Bobaday sat up in the carriage, bracing his courage for the emergency. He could take a cushion, jump out and attack the man with that. It was not a deadly weapon, and would require considerable force back of it to do damage. The whip might be better. He reached for the whip and turned the handle uppermost. There was no cave at hand to trap this robber in, but a toll-woman should not show more spirit than Robert Day Padgett in the moment of peril.

Though the robber advanced cautiously, he struck his foot against a root or two, and stumbled, making the horse take irregular steps also, for he was leading his horse with the bridle over his arm.

And he came directly up to the carriage. Robert grasped the whip around the middle with both hands, but some familiar attitude in the stranger's dim outline made him lower it.

“Bobby,” said the robber, speaking guardedly, “are you in here?”

“Pa Padgett,” exclaimed Robert Day, “is that you?”

“Hush! Yes. It's me, of course.
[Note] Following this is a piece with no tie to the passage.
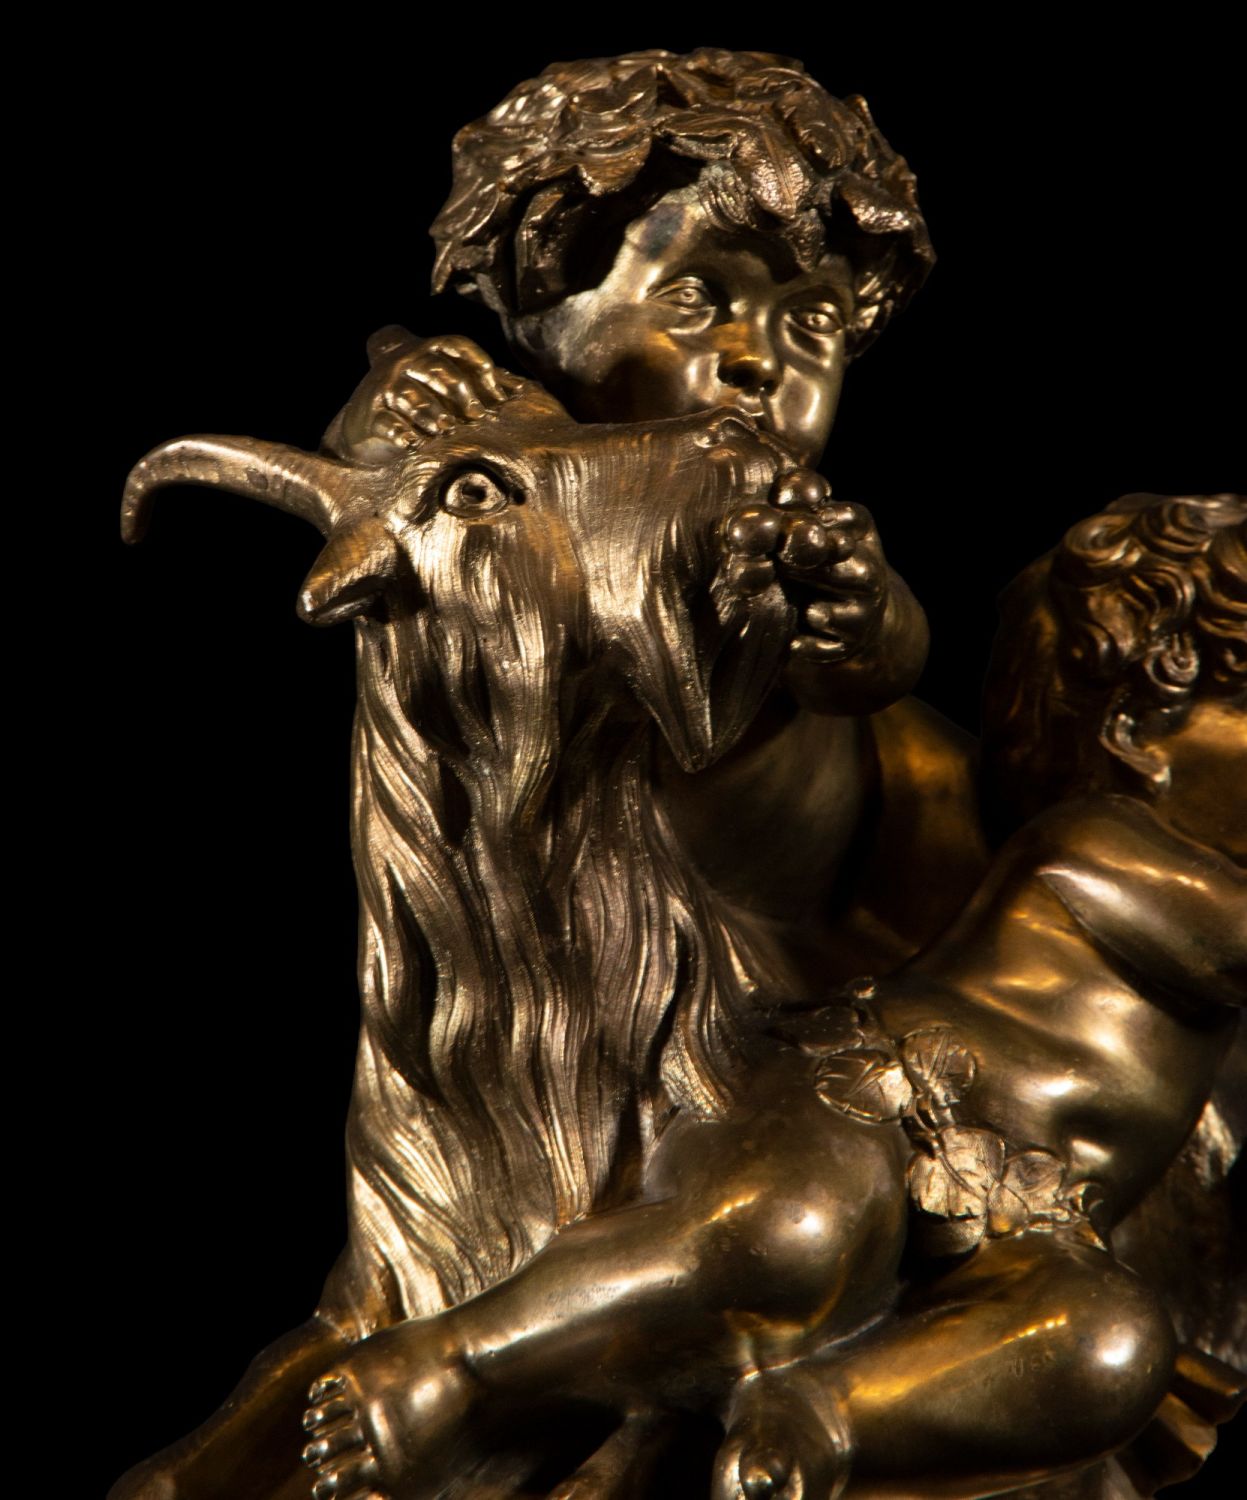 Allegorical French Beaux Arts sculpture of two Amours climbing a goat in patinated and gilded bronze - Image 7 of 8

Don't wake your grandma. Old folks are always light sleepers.”

Pa Padgett reached into the carriage, shook hands with his boy, and kissed him. How good the bushy beard felt against Bobaday's face.

He said nothing about robbers, while his father unsaddled his horse and tied the animal snugly to a limb.

Then Pa Padgett put his foot on the hub and sprang into the carriage.

“Is there room for me to stretch myself in here tonight too?”

“Of course there is. But don't you want to see grandma and aunt Krin?”

“Wait till morning. We'll all take an early start. Have they kept well?”

“Everybody's well,” replied Bobaday. “But how did you know we were here?”

“I'd have passed by,” said Pa Padgett, “if I hadn't seen all that white strung along. Been washing clothes?”

“Yes, sir.”

“Then I made out the carriage, and something like a wagon back in the bushes. So I came up to examine.”

“We thought you'd be at the State line,” said Robert.

“Oh, I intended to ride out till I met you,” replied his father. “But I'd have missed you on the plain road; and gone by to the next town to stop for you, if it hadn't been for the washing. You better go to sleep again now. Have you had a nice trip?”

“Oh, awful nice! There was a little girl lost, and we got her to her mother again, and Zene and the wagon were separated from us once”—

“Zene has taken good care of you, has he?”

“He didn't have to take care of us!” remonstrated Robert. “And last night when there was a fair, I thought he stuck around more than he was needed: There was the meanest boy that stuck up his hose at movers' children.”

Aunt Corinne's brother Tip laughed under his breath.

“You'll not be movers' children much longer. The home is over yonder, only half a day's ride or so.”

“Is it a nice place?”

“I think it's a nice place. There's prairie, but there's timber too. And there's money to be made. You go to sleep now. You'll wake your grandma, and I expect she's tired.”

“Yes, sir, I'm going. Is there a garden?”

“There's a good bit of ground for a garden; and there's a planting of young catalpas. Far as the eye can see in one direction, it's prairie. On the other side is woods. The house is better than the old one. I had to build, and I built pretty substantial. Your grandma's growing old. She'll need comforts in her old age, and we must put them around her, my man.”

Bobaday thought about this home to which he and his family were to grow as trees grasp the soil. Already it seemed better to him than the one he had left. There would be new playmates, new landscapes, new meadows to run in, new neighbors, new prospects. The home, so distant during the journey that he had scarcely thought about it at all, now seemed to inclose him with its pleasant walls, which the smell of new timbers made pleasant twice over.

Boswell and Johnson, under the carriage, waked by the cautious talk from that sound sleep a hard day's hunts after woods things induces, and perhaps sniffing the presence of their master and the familiar air of home, rose up to shake themselves, and one of them yawned until his jaws creaked.

“It's the dogs,” whispered Bobaday.

“We mustn't set them to barking,” cautioned Pa Padgett.

“Well, good-night,” said the boy, turning on his cushion.

“Good-night. This caravan must move on early in the morning.”